We train the model using the appropriate training and validation datasets, and finally test it on the test dataset.

### <font color='289C4E'>Table of contents<font><a class='anchor' id='top'></a>
&emsp;[1. Imports](##sec1)

&emsp;[2. Configurations and utilities](##sec2)
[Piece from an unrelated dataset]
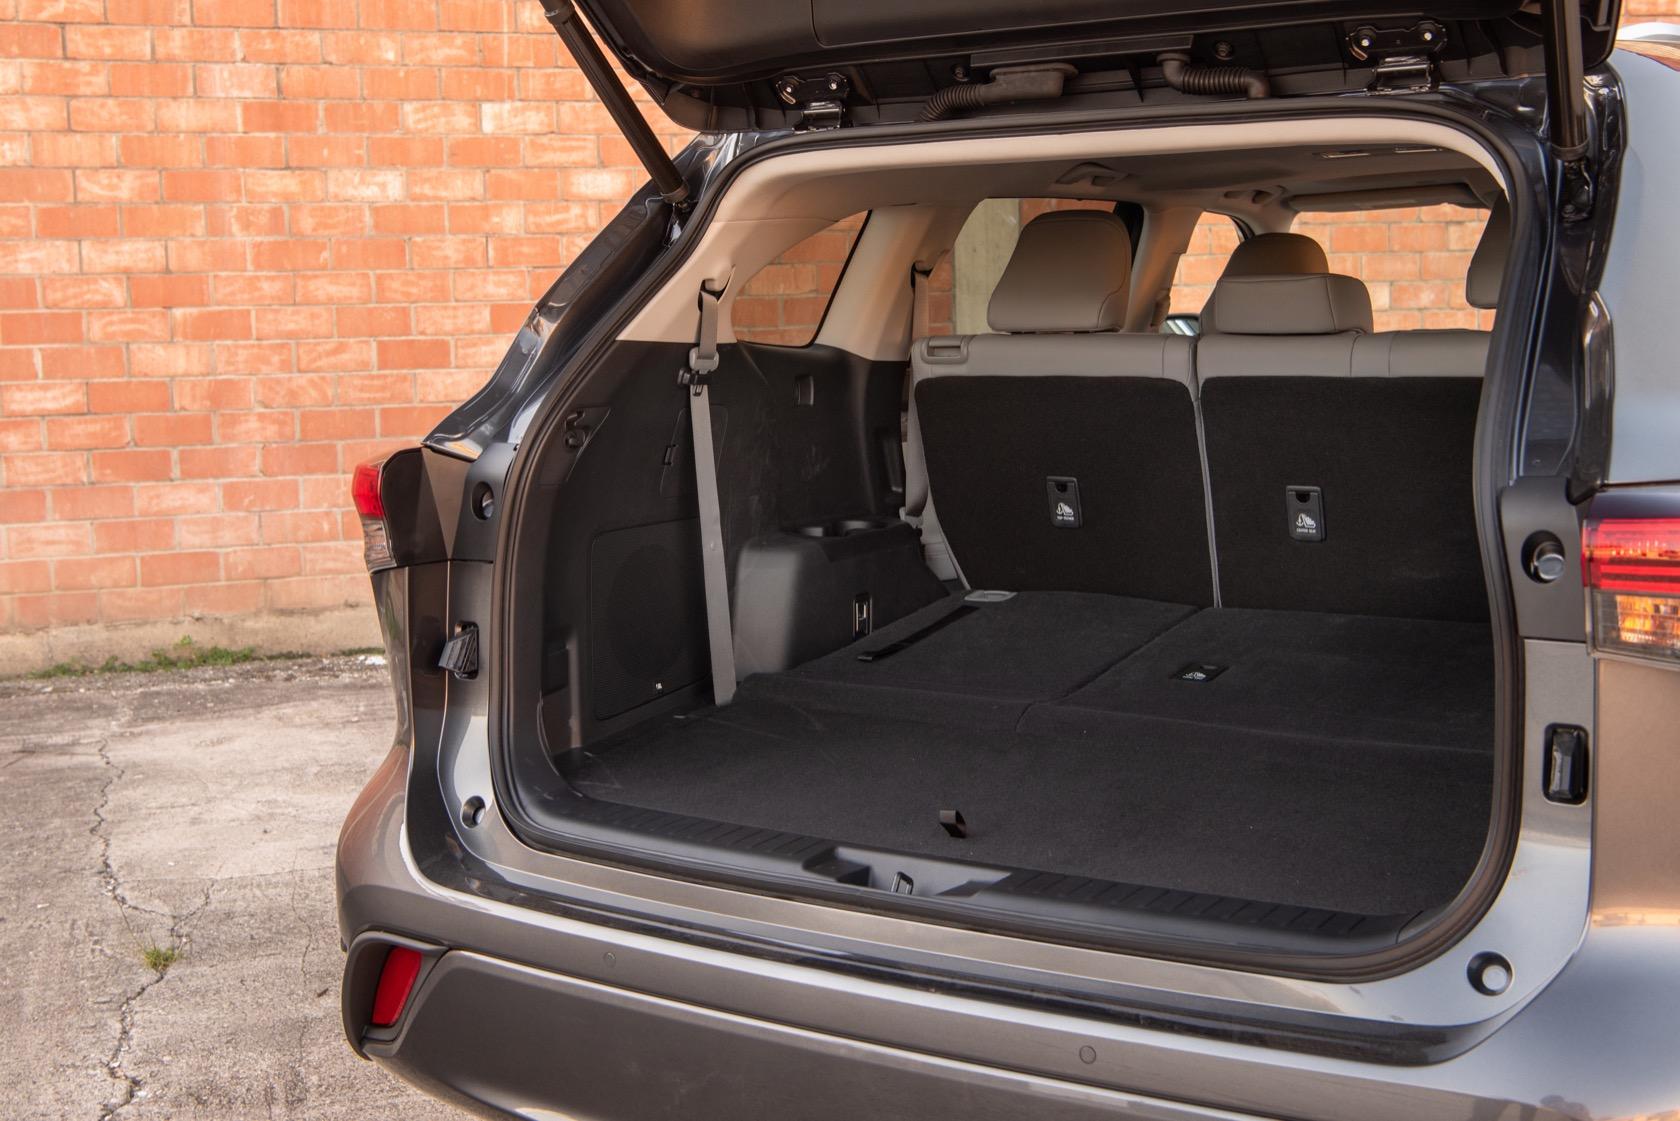 2020 Toyota Highlander Official 8 Seats Hybrid Tech

&emsp;[3. Loading the data](##sec3)

&emsp;[4. Backbone definition](##sec4)

&emsp;[5. Model initialization](##sec5)

&emsp;[6. Training](##sec6)

&emsp;[7. Testing the model](##sec7)

## 1. Imports <a class="anchor" id="sec1"></a>

In [1]:
import lightning as pl
import torch
from omegaconf import OmegaConf

from topobenchmarkx.data.loaders import GraphLoader
from topobenchmarkx.data.preprocessor import PreProcessor
from topobenchmarkx.dataloader import TBXDataloader
from topobenchmarkx.evaluator import TBXEvaluator
from topobenchmarkx.loss import TBXLoss
from topobenchmarkx.model import TBXModel
from topobenchmarkx.nn.encoders import AllCellFeatureEncoder
from topobenchmarkx.nn.readouts import PropagateSignalDown
from topobenchmarkx.optimizer import TBXOptimizer

## 2. Configurations and utilities <a class="anchor" id="sec2"></a>

Configurations can be specified using yaml files or directly specified in your code like in this example.

In [2]:
loader_config = {
    "data_domain": "graph",
    "data_type": "TUDataset",
    "data_name": "MUTAG",
    "data_dir": "./data/MUTAG/",
}

transform_config = { "khop_lifting":
    {"transform_type": "lifting",
    "transform_name": "HypergraphKHopLifting",
    "k_value": 1,}
}

split_config = {
    "learning_setting": "inductive",
    "split_type": "random",
    "data_seed": 0,
    "data_split_dir": "./data/MUTAG/splits/",
    "train_prop": 0.5,
}

in_channels = 7
out_channels = 2
dim_hidden = 16

readout_config = {
    "readout_name": "PropagateSignalDown",
    "num_cell_dimensions": 1,
    "hidden_dim": dim_hidden,
    "out_channels": out_channels,
    "task_level": "graph",
    "pooling_type": "sum",
}

loss_config = {"task": "classification", "loss_type": "cross_entropy"}

evaluator_config = {"task": "classification",
                    "num_classes": out_channels,
                    "metrics": ["accuracy", "precision", "recall"]}

optimizer_config = {"optimizer_id": "Adam",
                    "parameters":
                        {"lr": 0.001,"weight_decay": 0.0005}
                    }

loader_config = OmegaConf.create(loader_config)
transform_config = OmegaConf.create(transform_config)
split_config = OmegaConf.create(split_config)
readout_config = OmegaConf.create(readout_config)
loss_config = OmegaConf.create(loss_config)
evaluator_config = OmegaConf.create(evaluator_config)
optimizer_config = OmegaConf.create(optimizer_config)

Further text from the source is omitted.